◆ Directions for this task: Your output should be the complete listing, word for word, with no pictures in it.

◆ Input data:
Start of Block
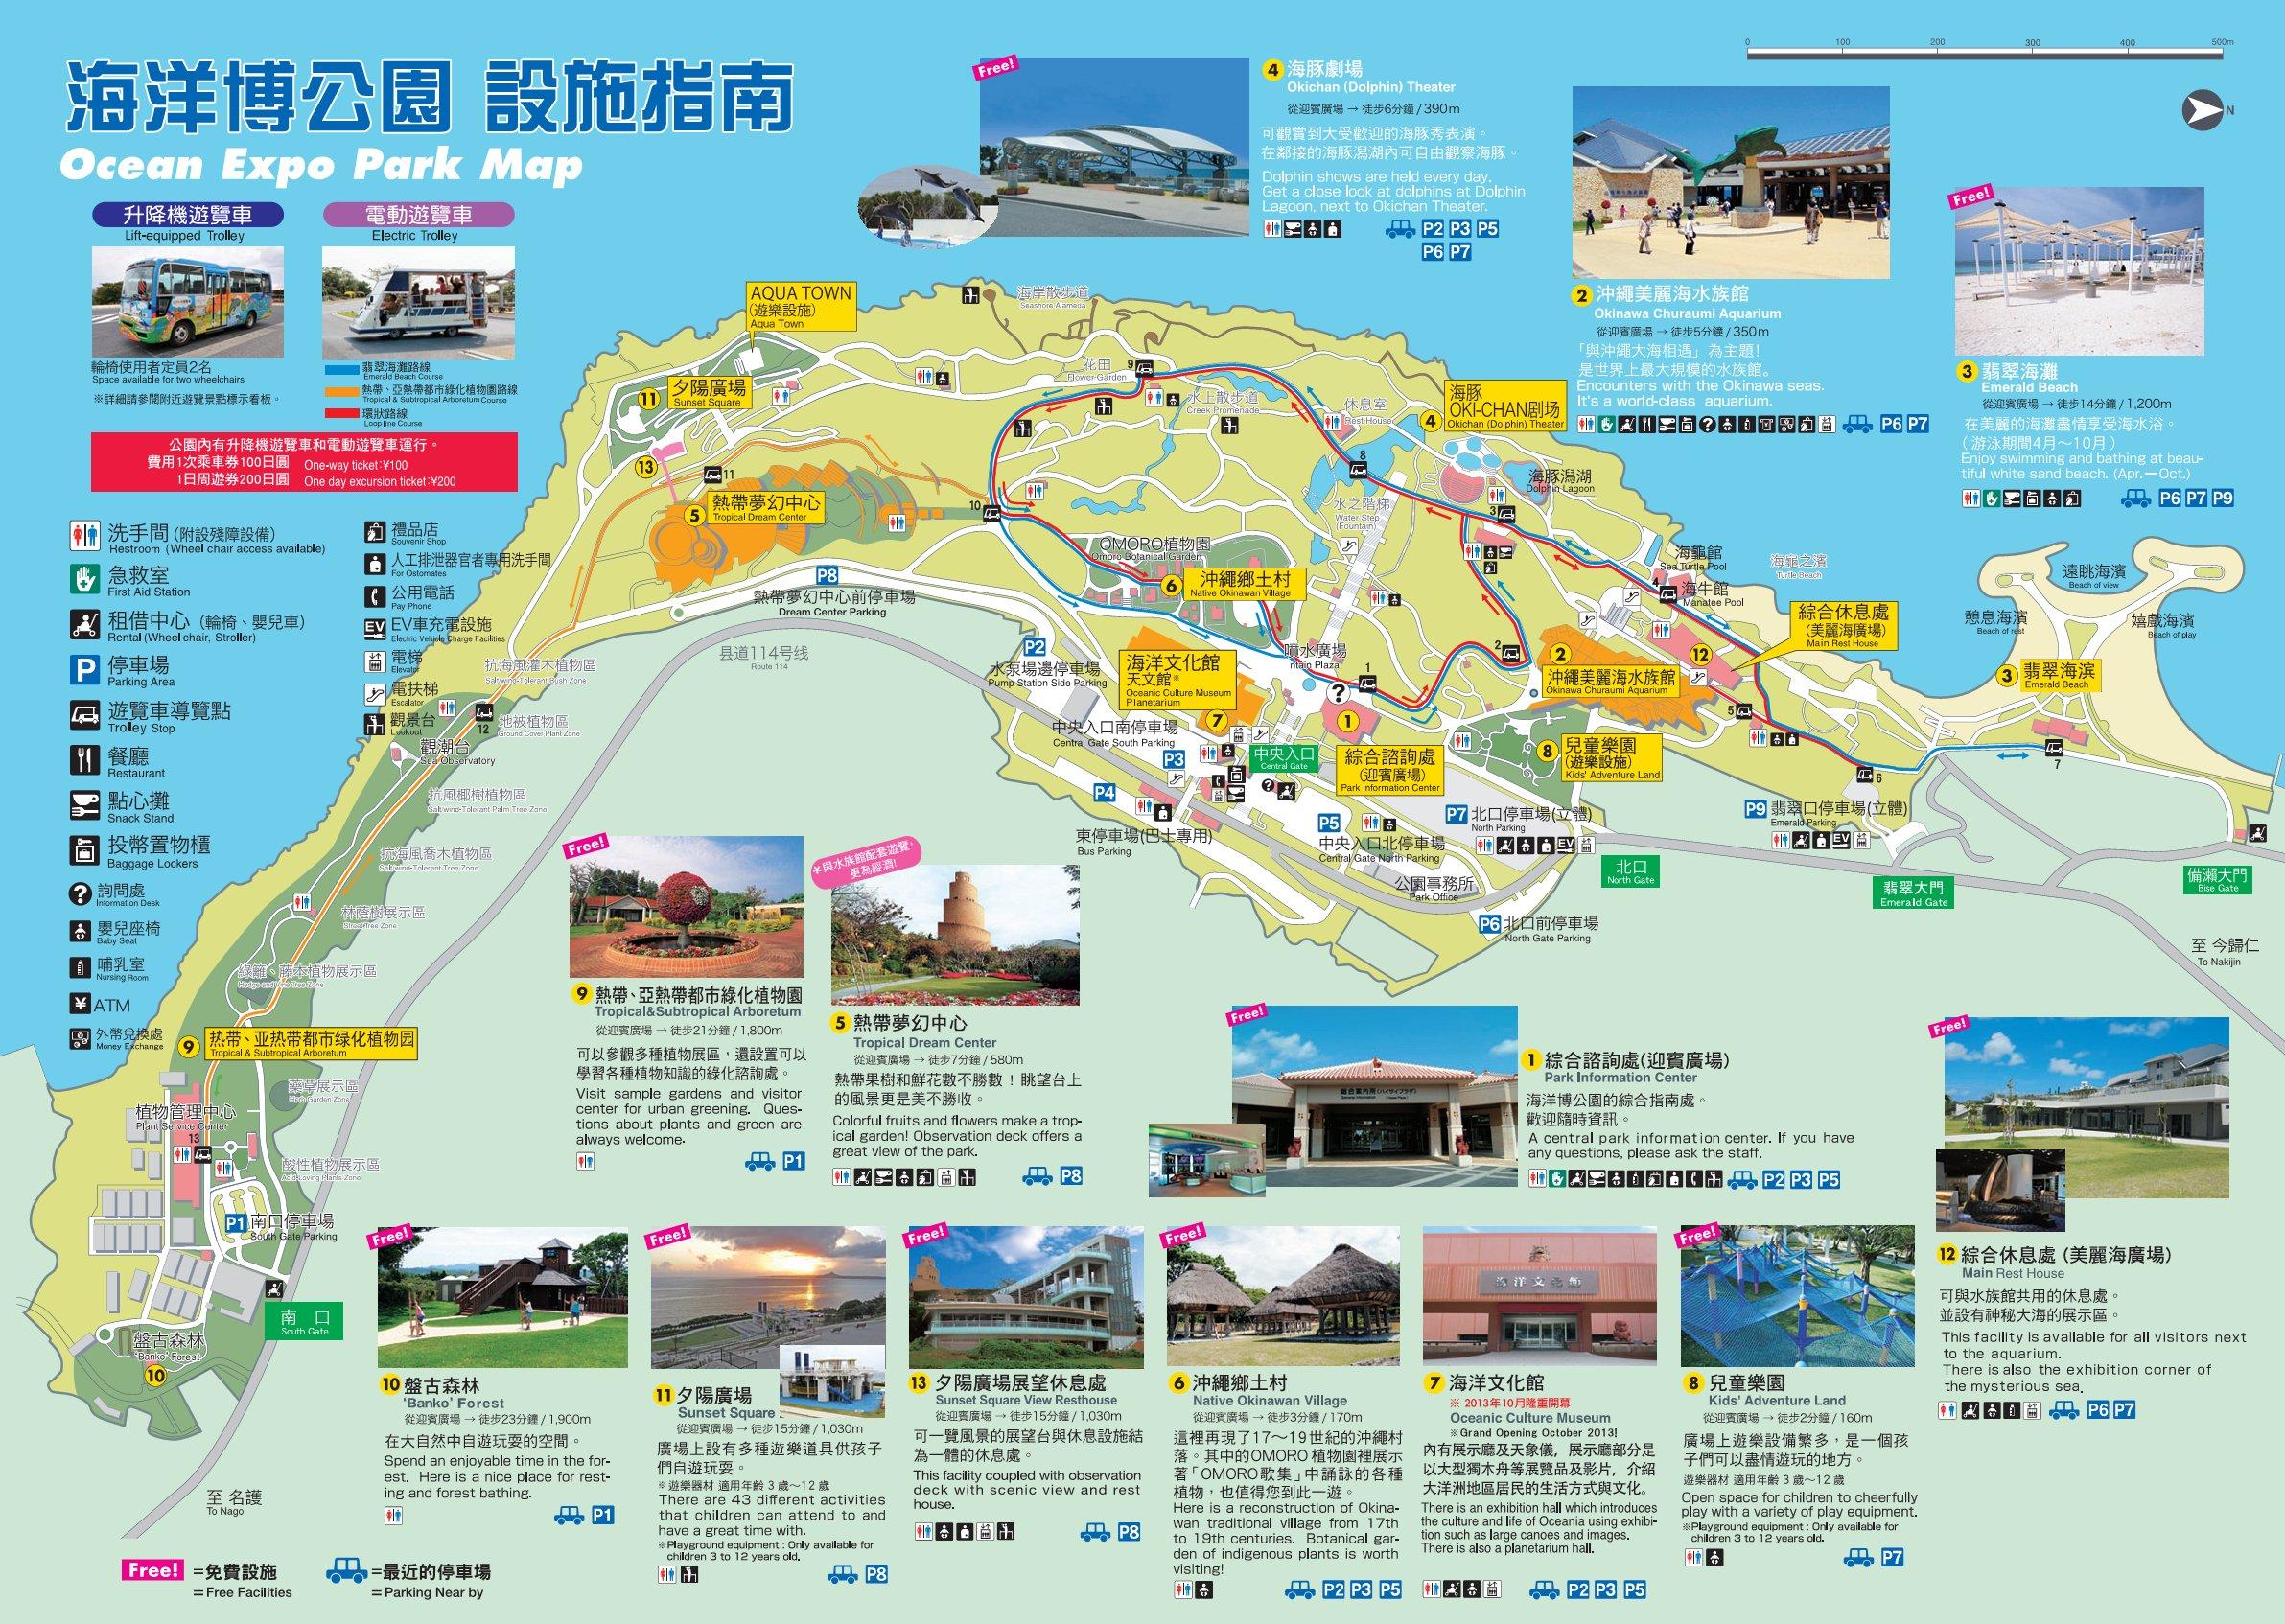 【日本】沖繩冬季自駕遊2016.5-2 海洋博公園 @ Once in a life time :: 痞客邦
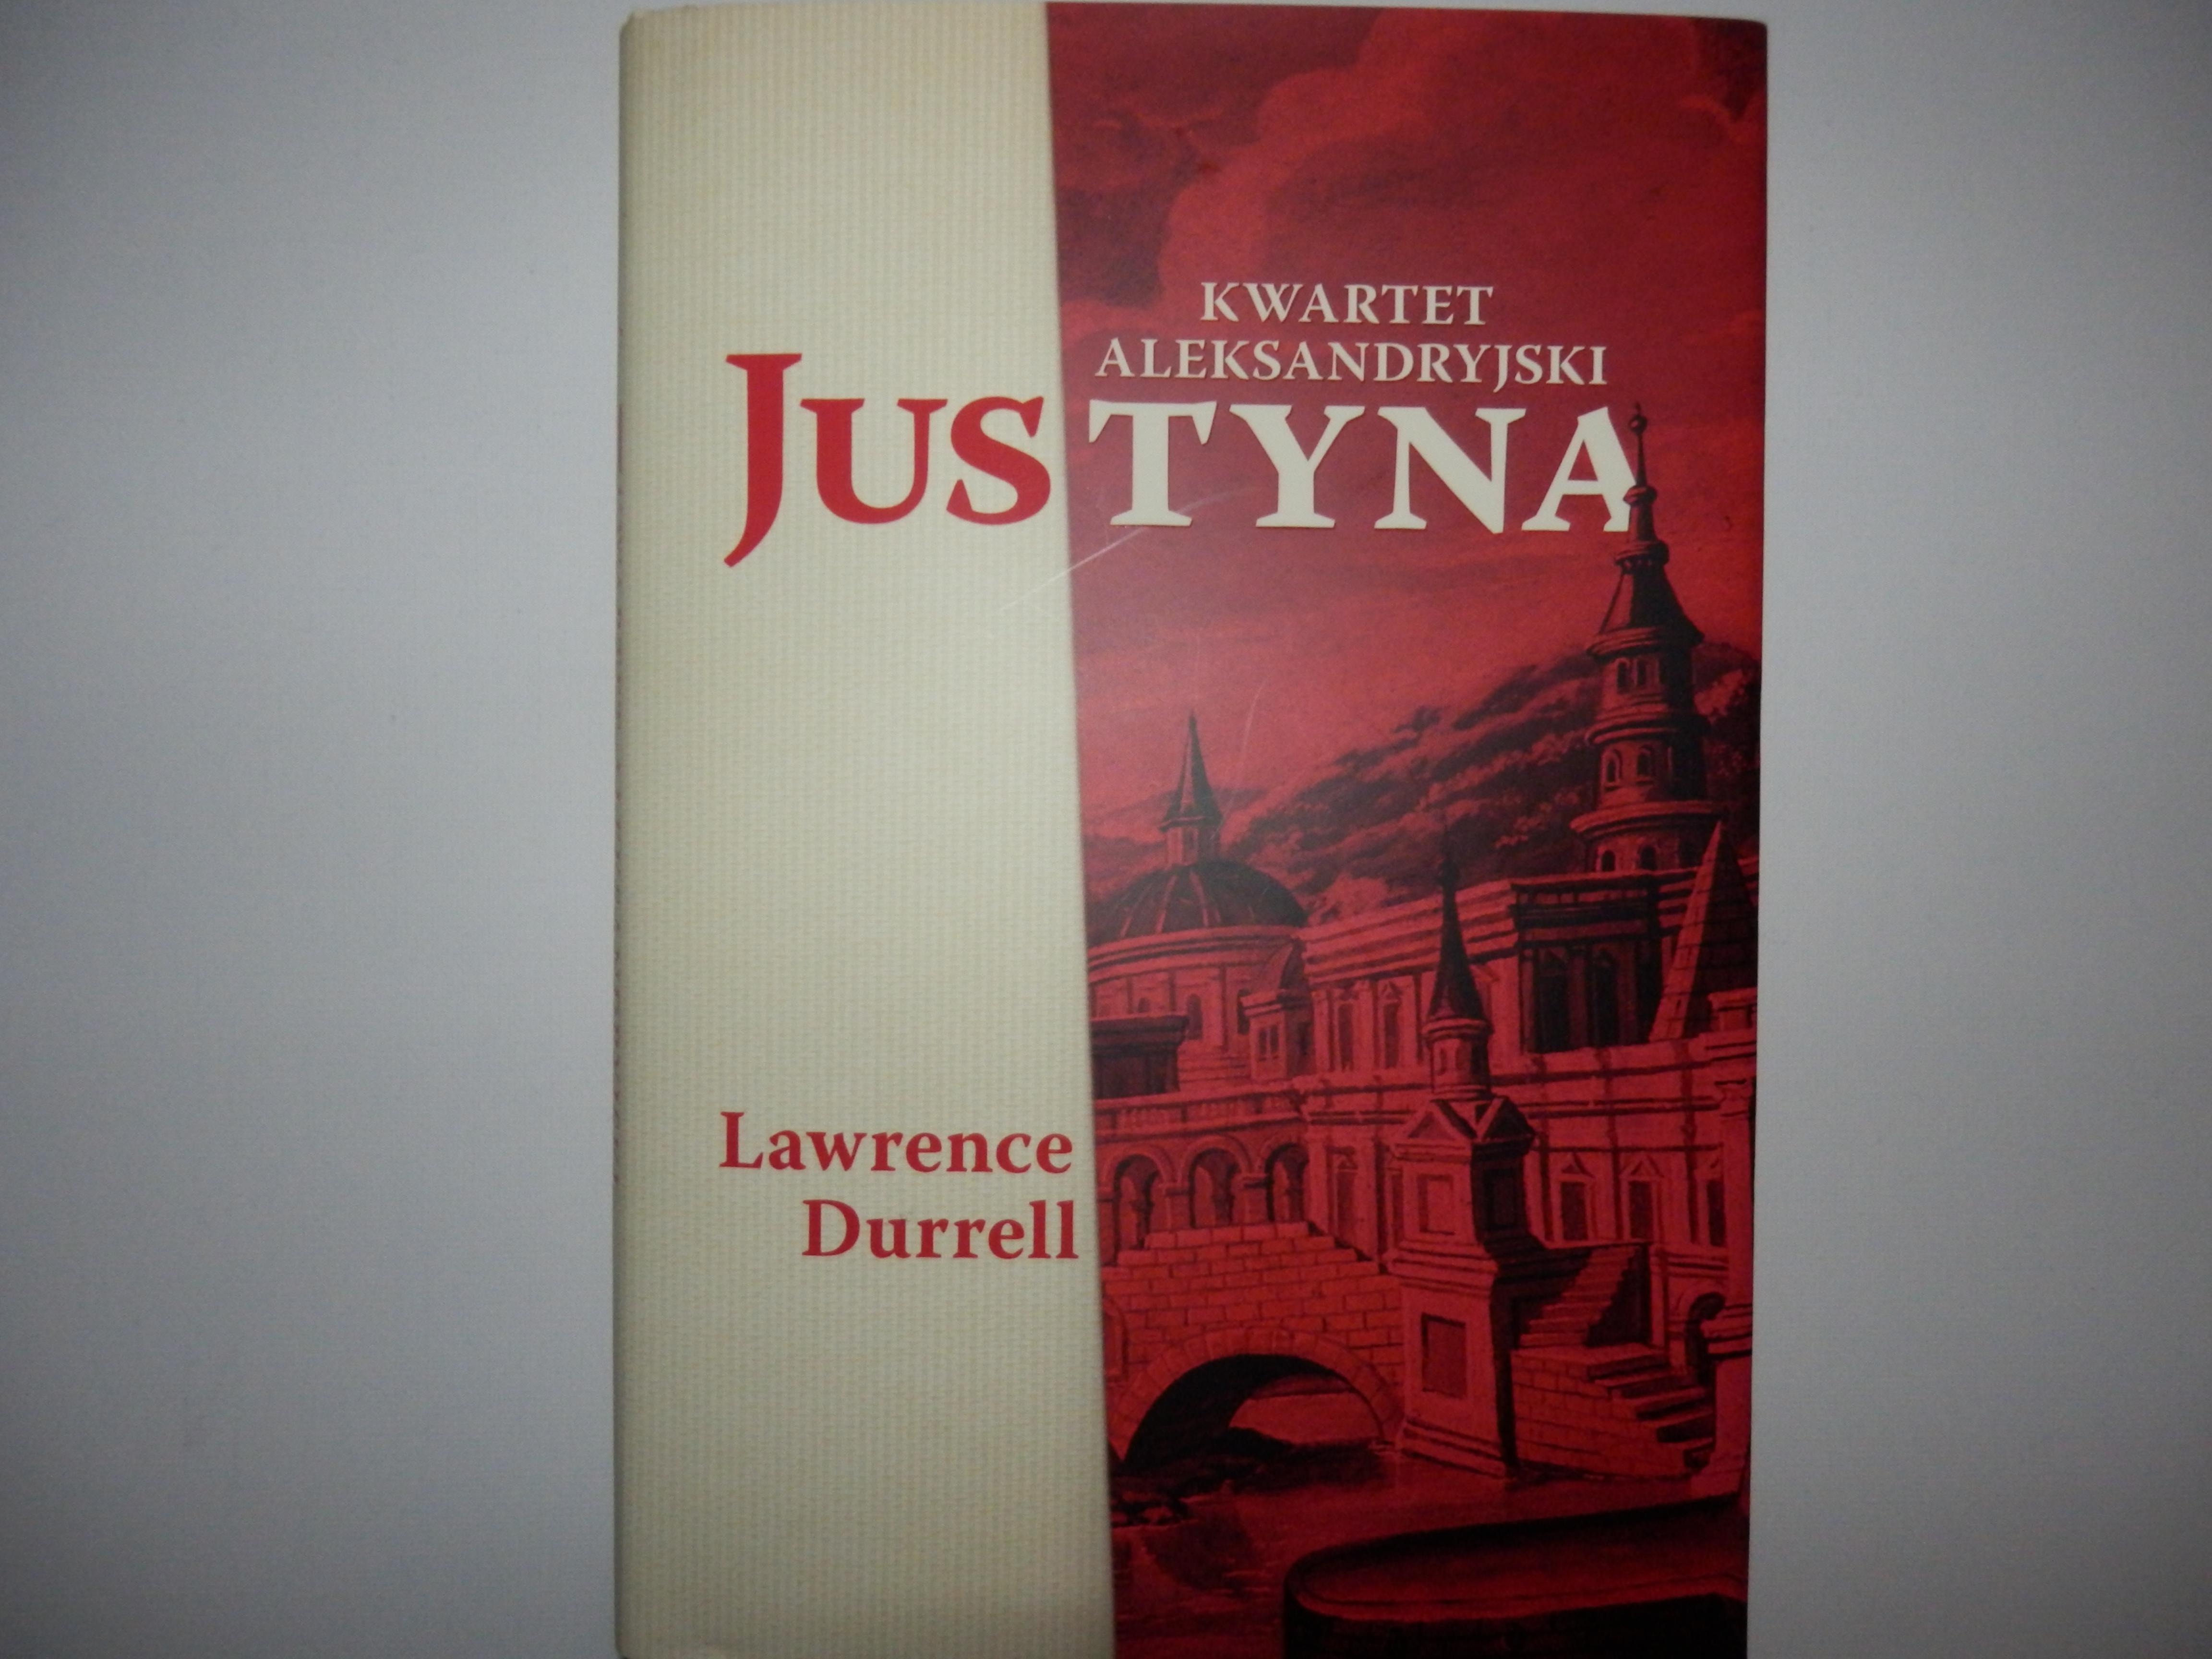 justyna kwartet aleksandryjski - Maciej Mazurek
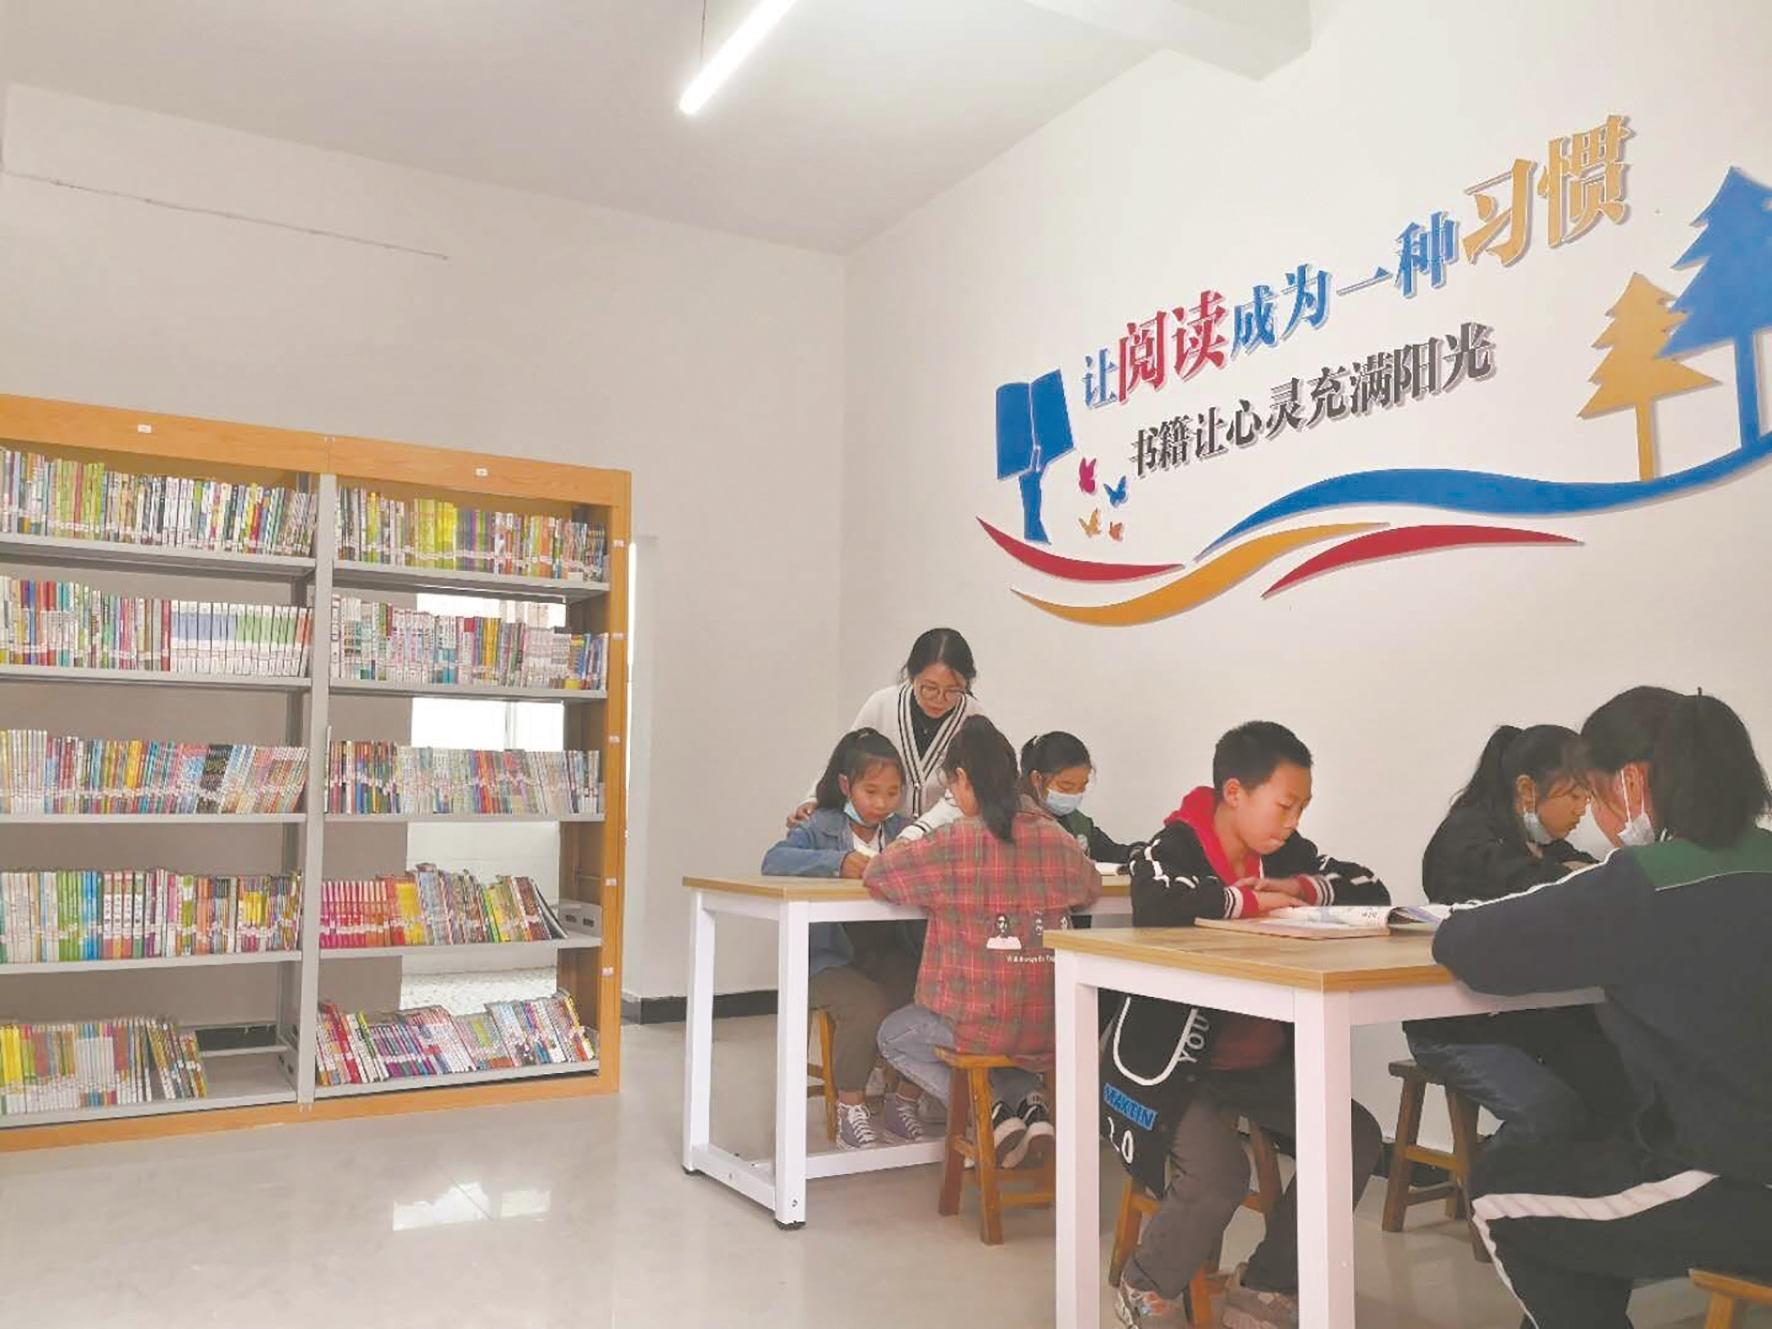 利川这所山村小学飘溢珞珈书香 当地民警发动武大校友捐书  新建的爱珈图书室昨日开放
End of Block
◆ Result of this task:
 【日本】沖繩冬季自駕遊2016.5-2 海洋博公園 @ Once in a life time :: 痞客邦
 justyna kwartet aleksandryjski - Maciej Mazurek
 利川这所山村小学飘溢珞珈书香 当地民警发动武大校友捐书  新建的爱珈图书室昨日开放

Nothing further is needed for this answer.